**EXERCISE DATA**
Content starts

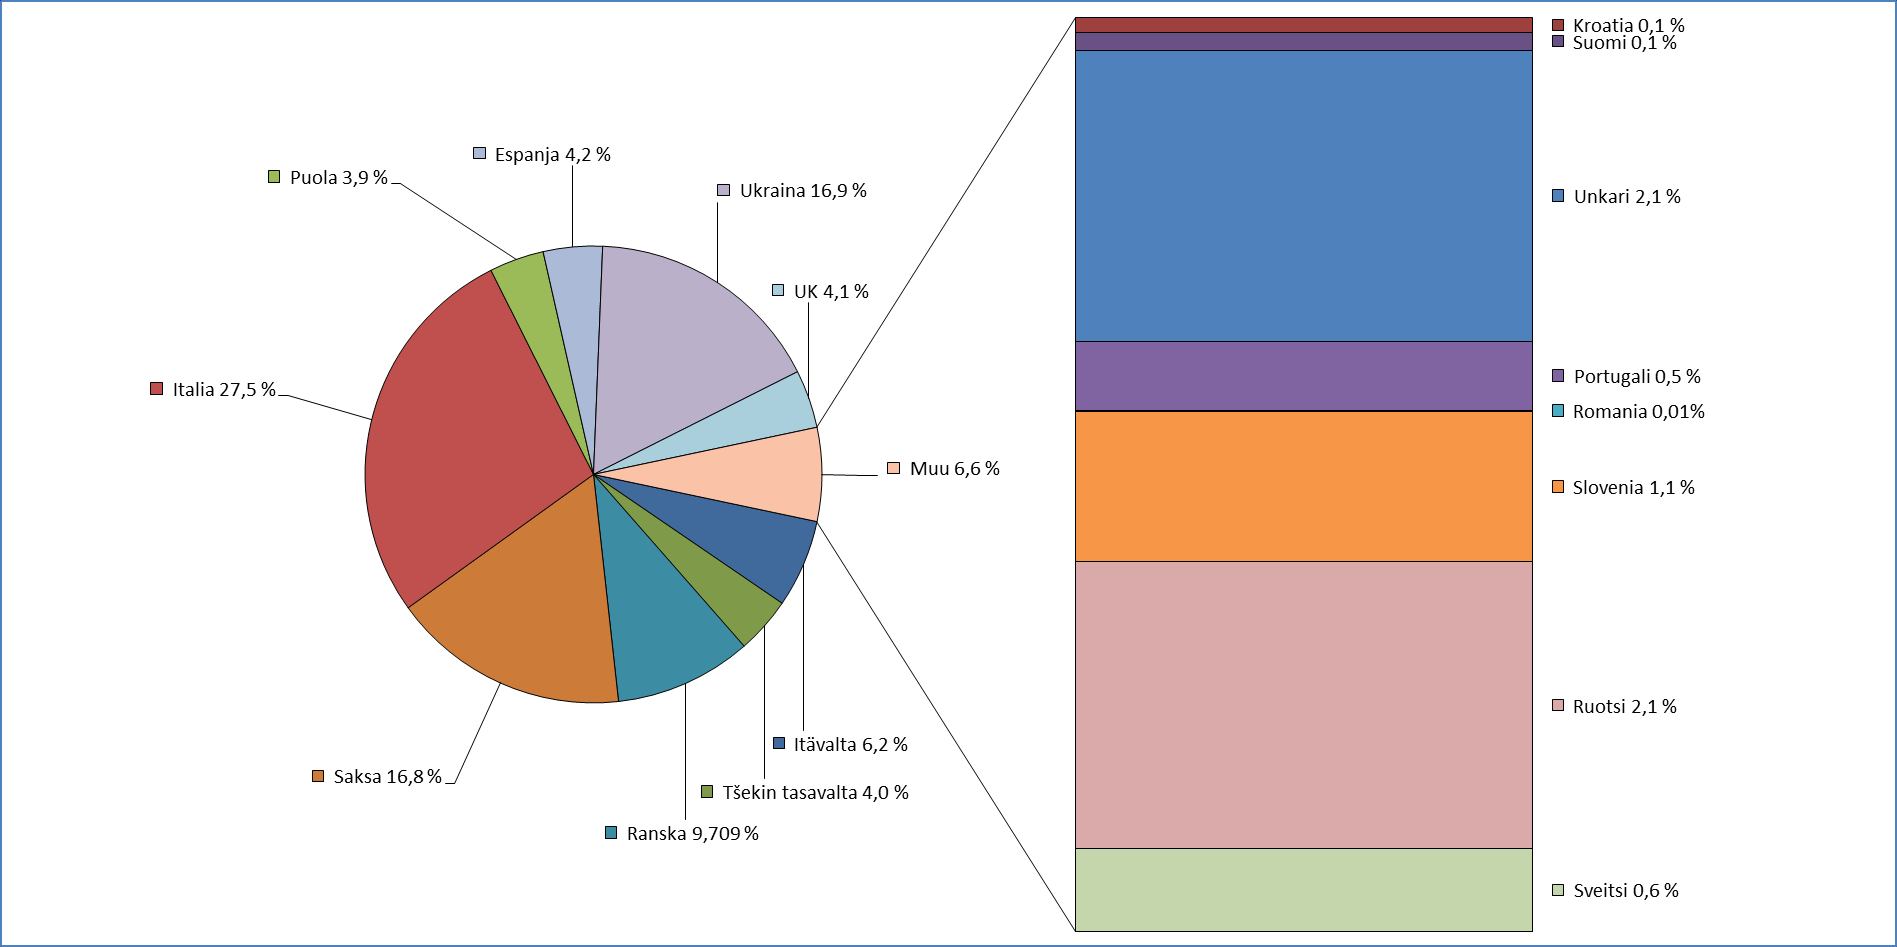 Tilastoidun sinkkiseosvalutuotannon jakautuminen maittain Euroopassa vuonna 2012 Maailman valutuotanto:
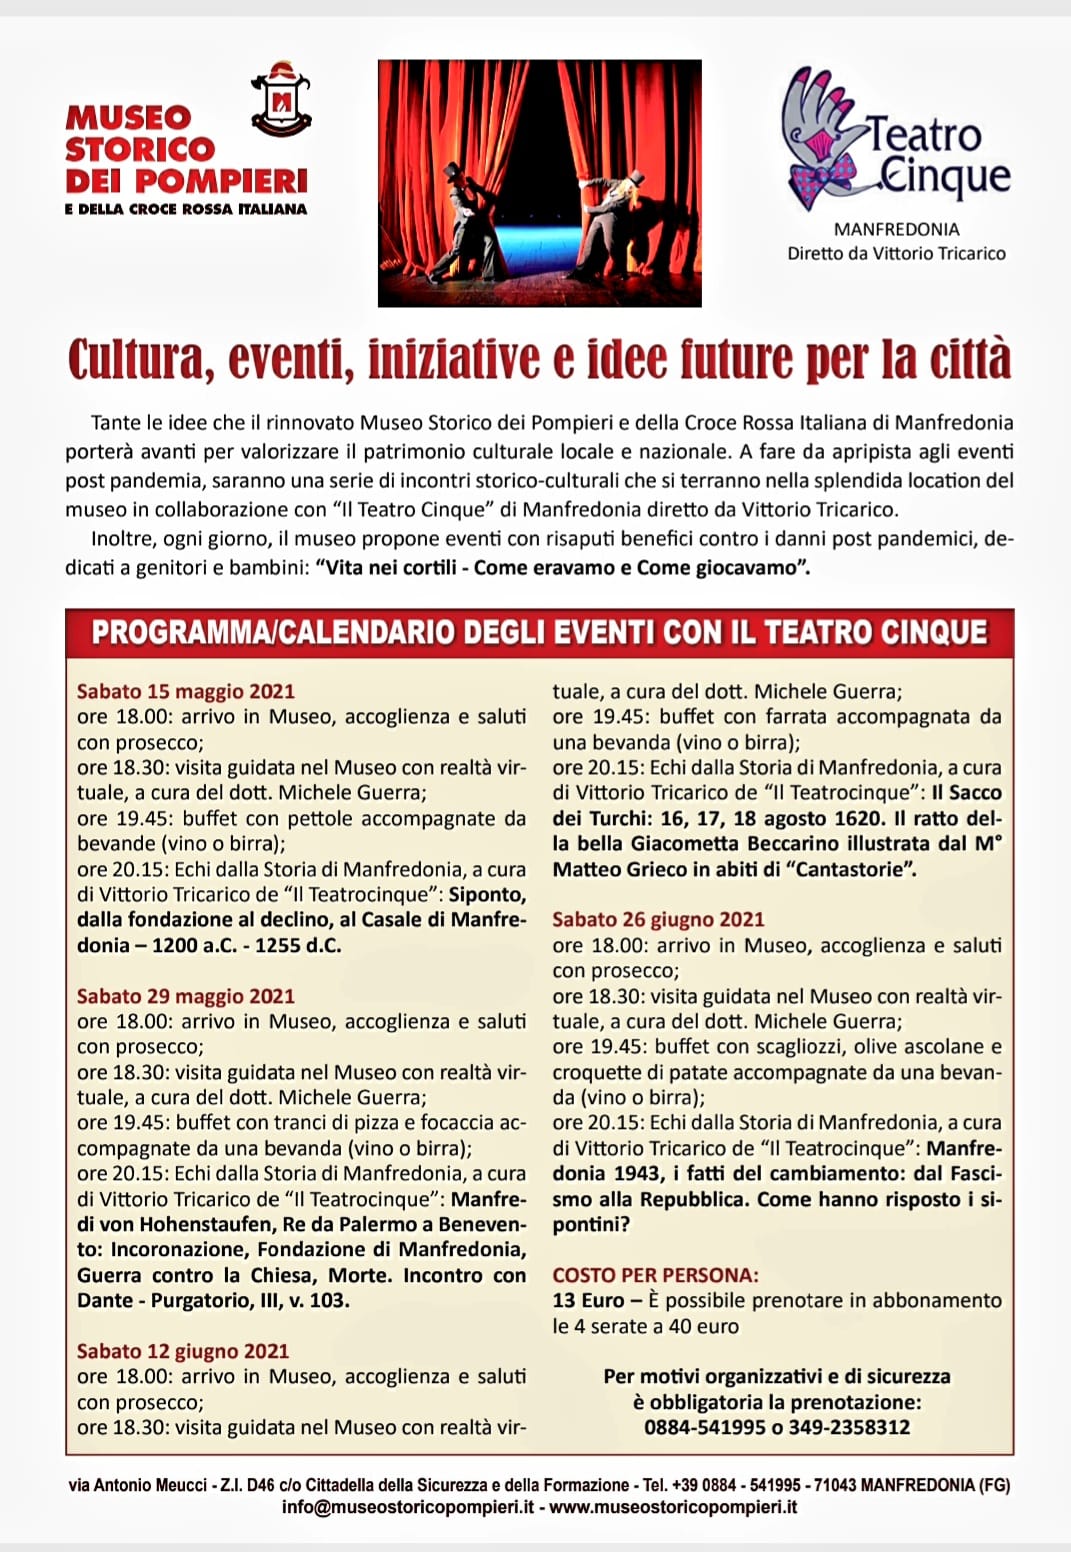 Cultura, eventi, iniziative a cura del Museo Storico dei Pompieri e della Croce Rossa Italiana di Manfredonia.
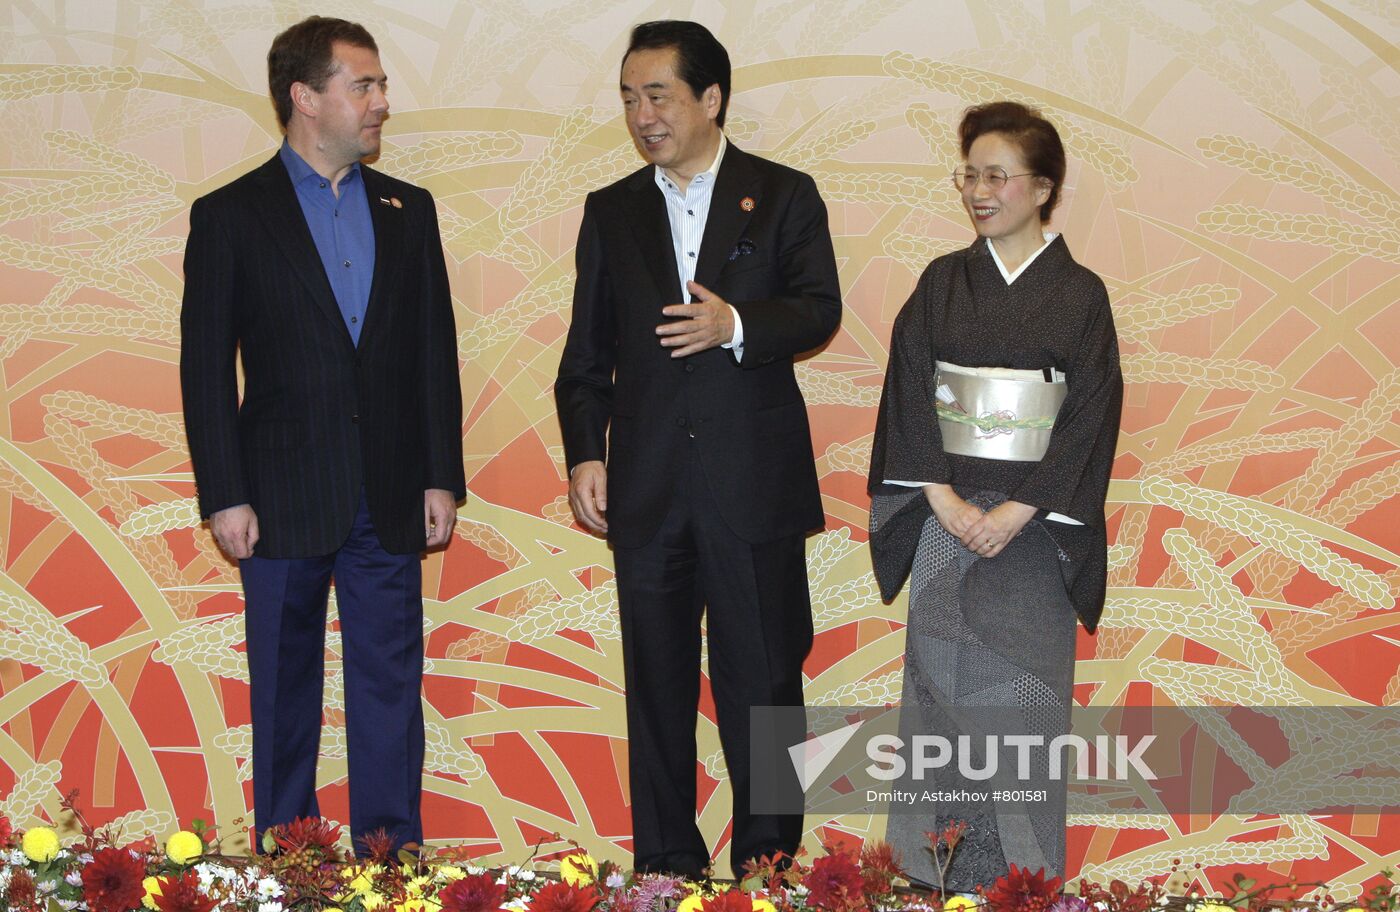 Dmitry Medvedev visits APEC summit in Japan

Content ends

**TASK REQUIREMENTS**
Repeat the material above verbatim, with no pictures in the output.

**OUTPUT FOR THIS TASK**
 Tilastoidun sinkkiseosvalutuotannon jakautuminen maittain Euroopassa vuonna 2012 Maailman valutuotanto:
 Cultura, eventi, iniziative a cura del Museo Storico dei Pompieri e della Croce Rossa Italiana di Manfredonia.
 Dmitry Medvedev visits APEC summit in Japan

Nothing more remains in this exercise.